Start of Supplied material
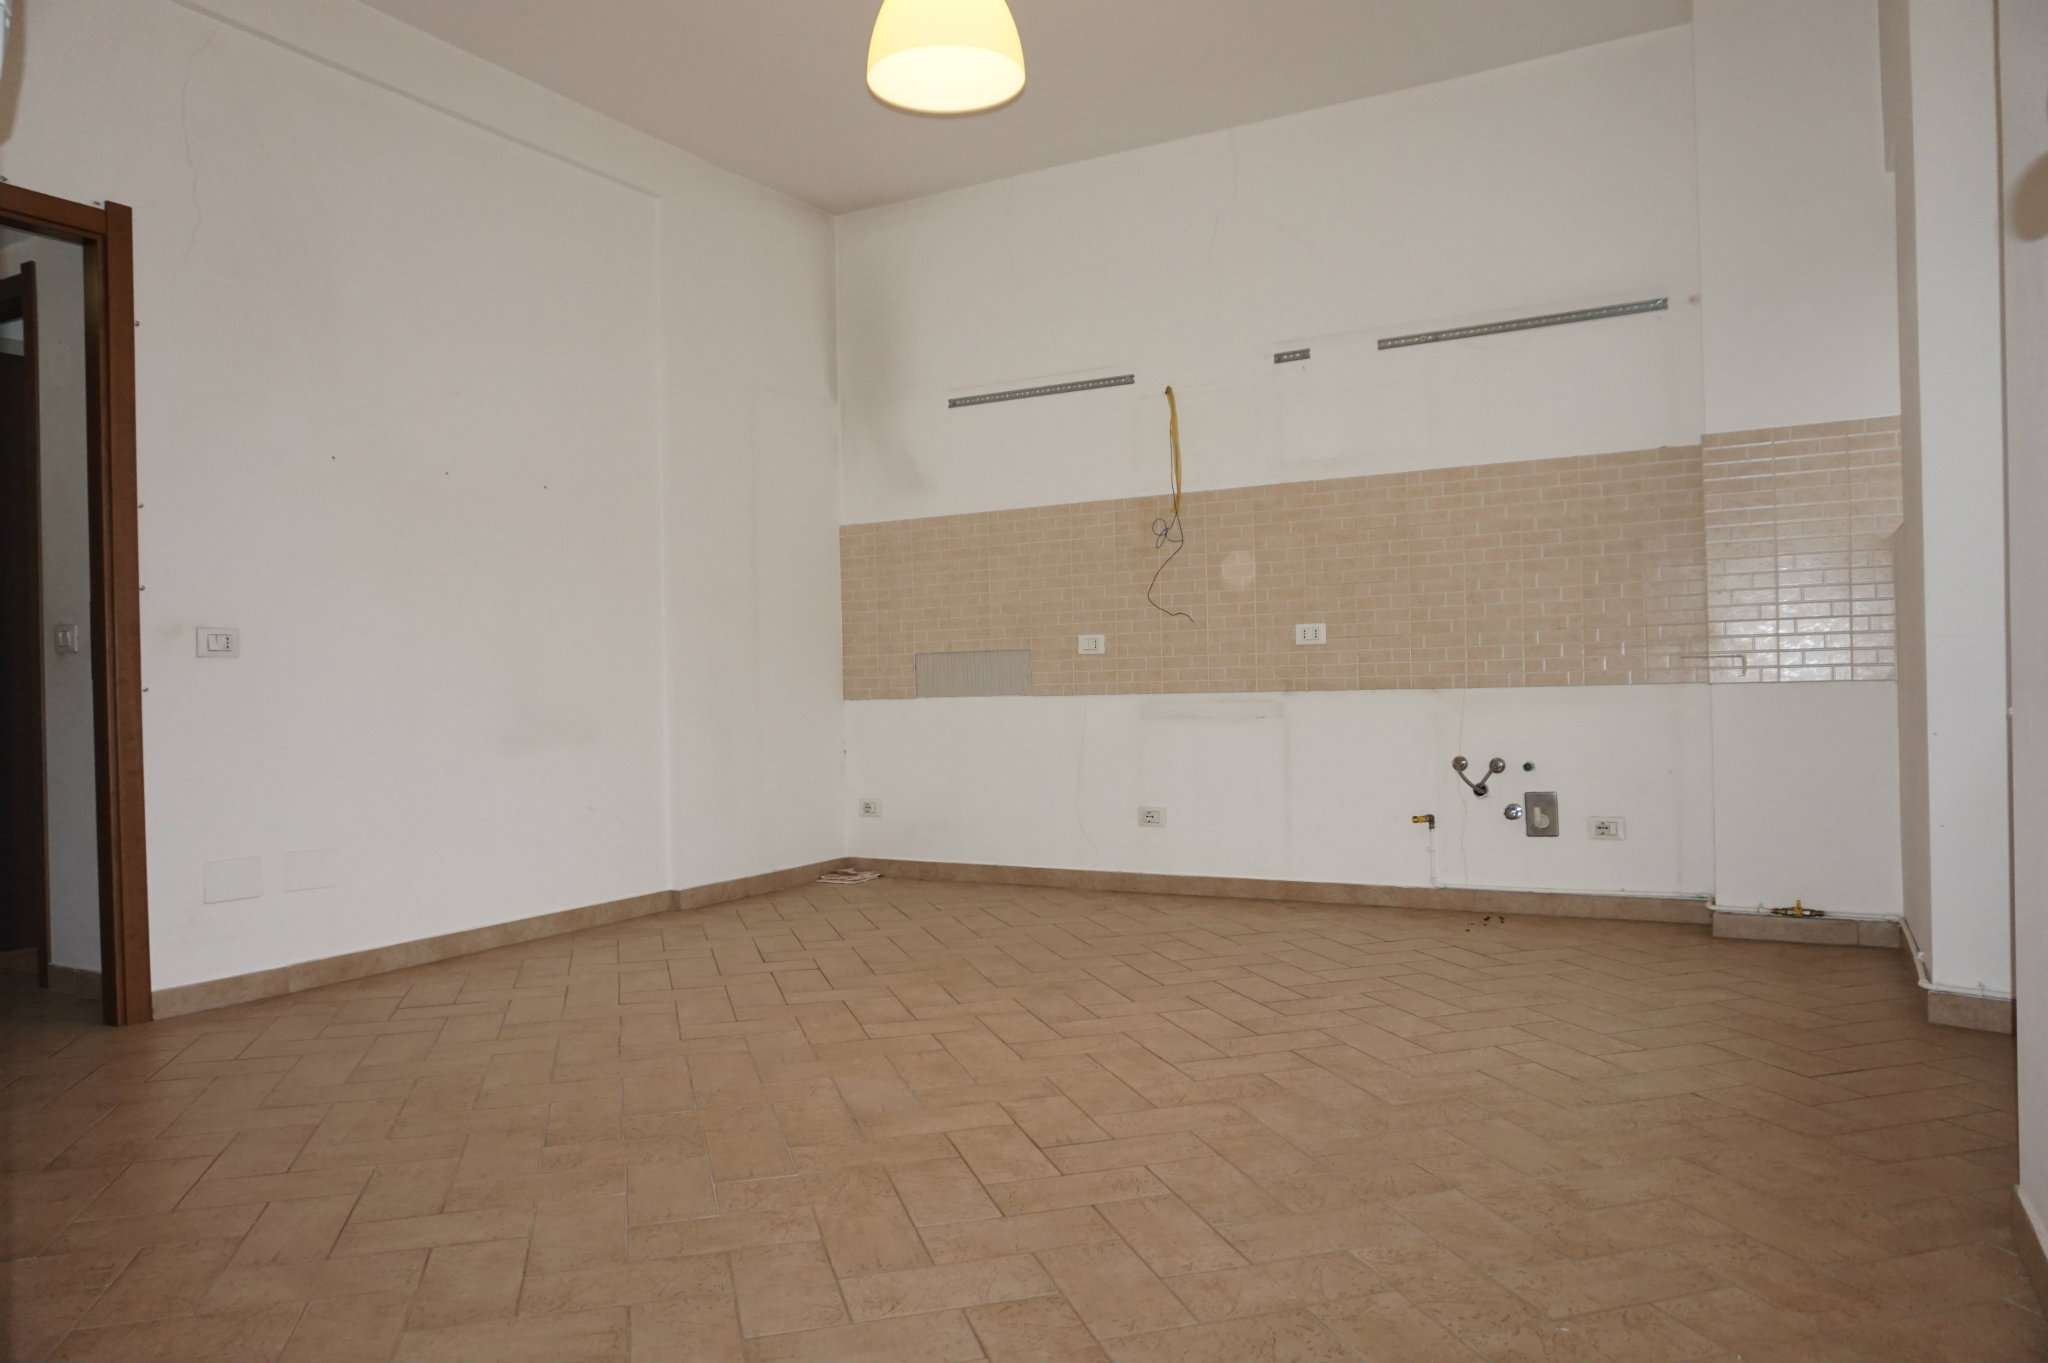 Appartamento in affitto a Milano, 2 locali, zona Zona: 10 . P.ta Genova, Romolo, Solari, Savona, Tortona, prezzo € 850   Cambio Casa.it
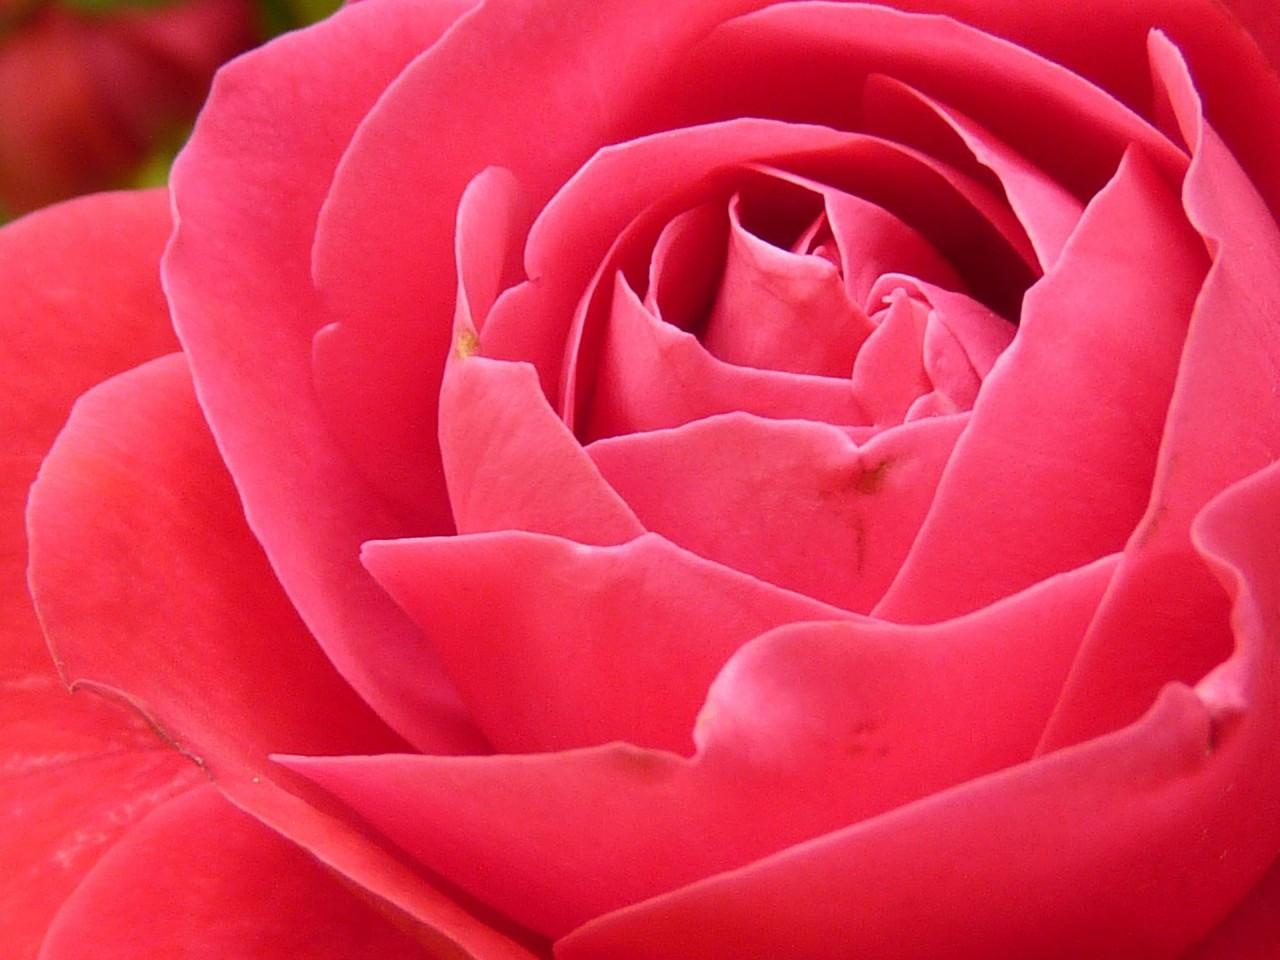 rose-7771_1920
End of Supplied material
Start of Supplied material
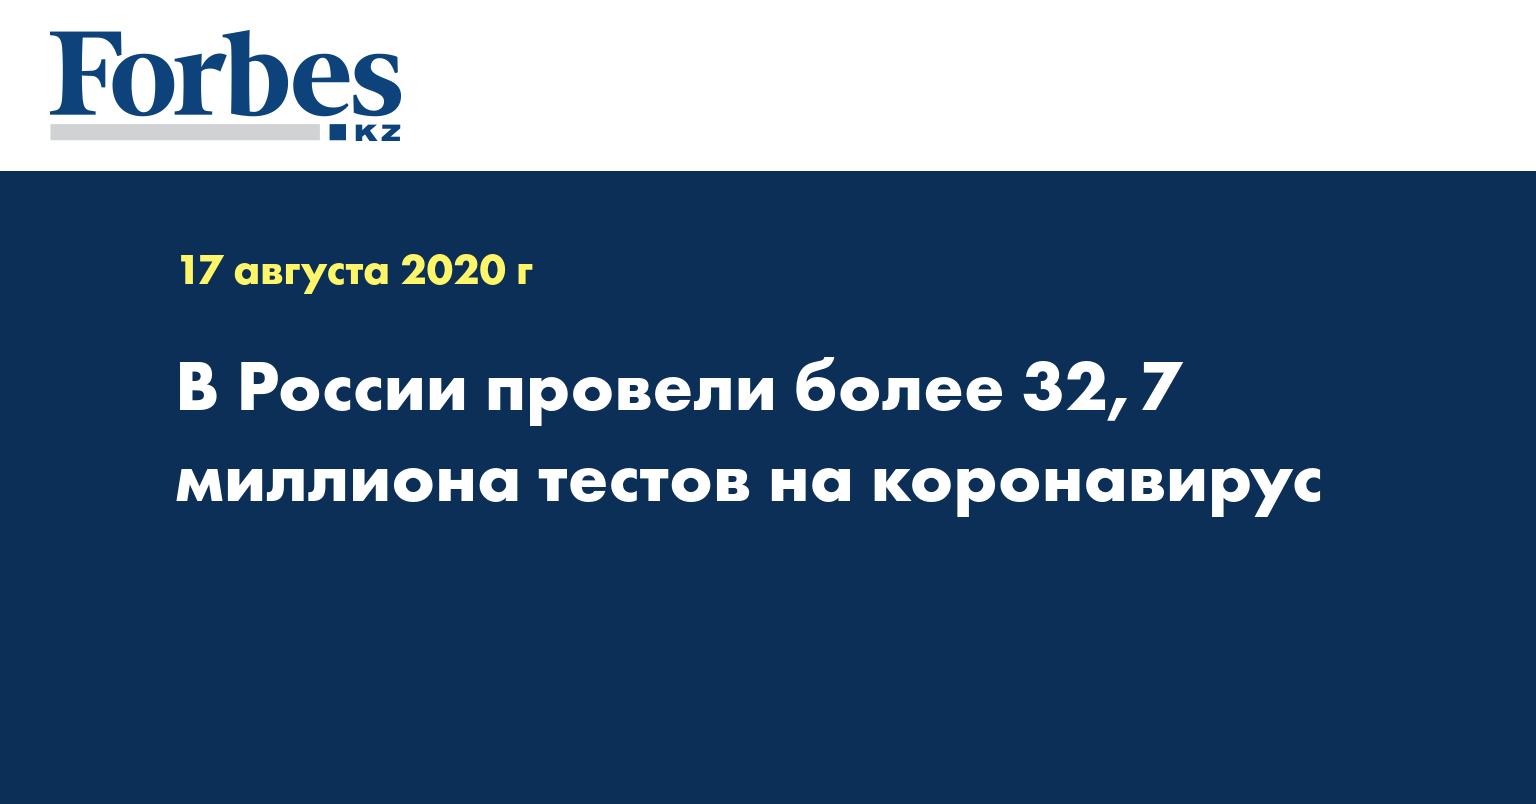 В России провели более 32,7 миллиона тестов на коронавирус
End of Supplied material
Start of Supplied material
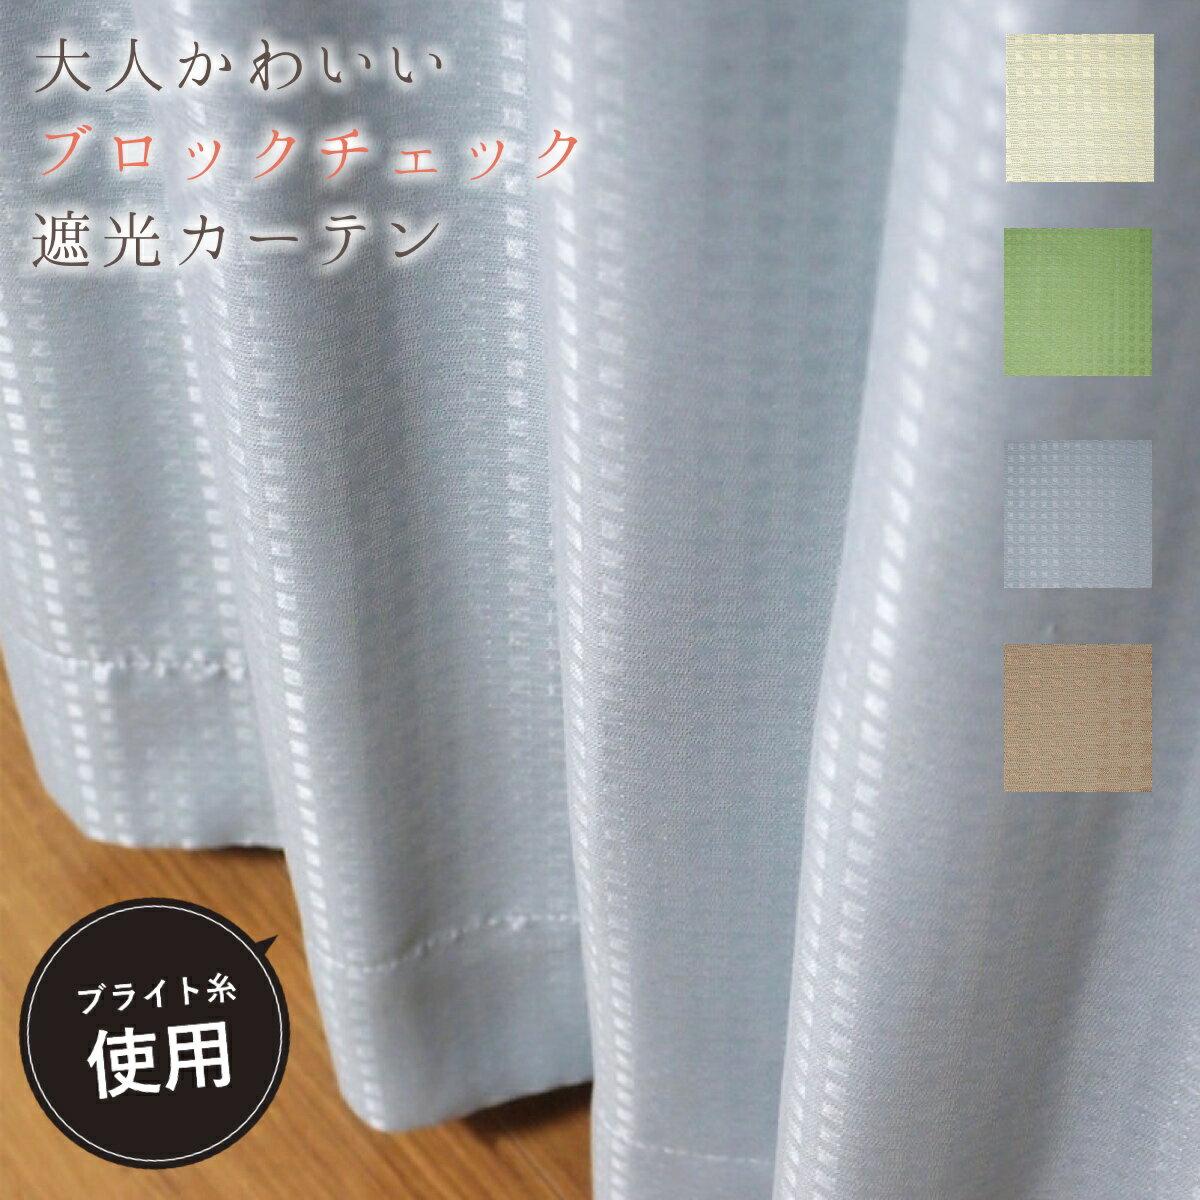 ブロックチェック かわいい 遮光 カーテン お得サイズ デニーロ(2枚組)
End of Supplied material
== What you are asked to do ==
Everything above from the line containing "Appartamento in affitto" through the line containing "rose-7771_1920" must be repeated exactly, and the pictures must be left out.

== Answer to the exercise ==
 Appartamento in affitto a Milano, 2 locali, zona Zona: 10 . P.ta Genova, Romolo, Solari, Savona, Tortona, prezzo € 850   Cambio Casa.it
 rose-7771_1920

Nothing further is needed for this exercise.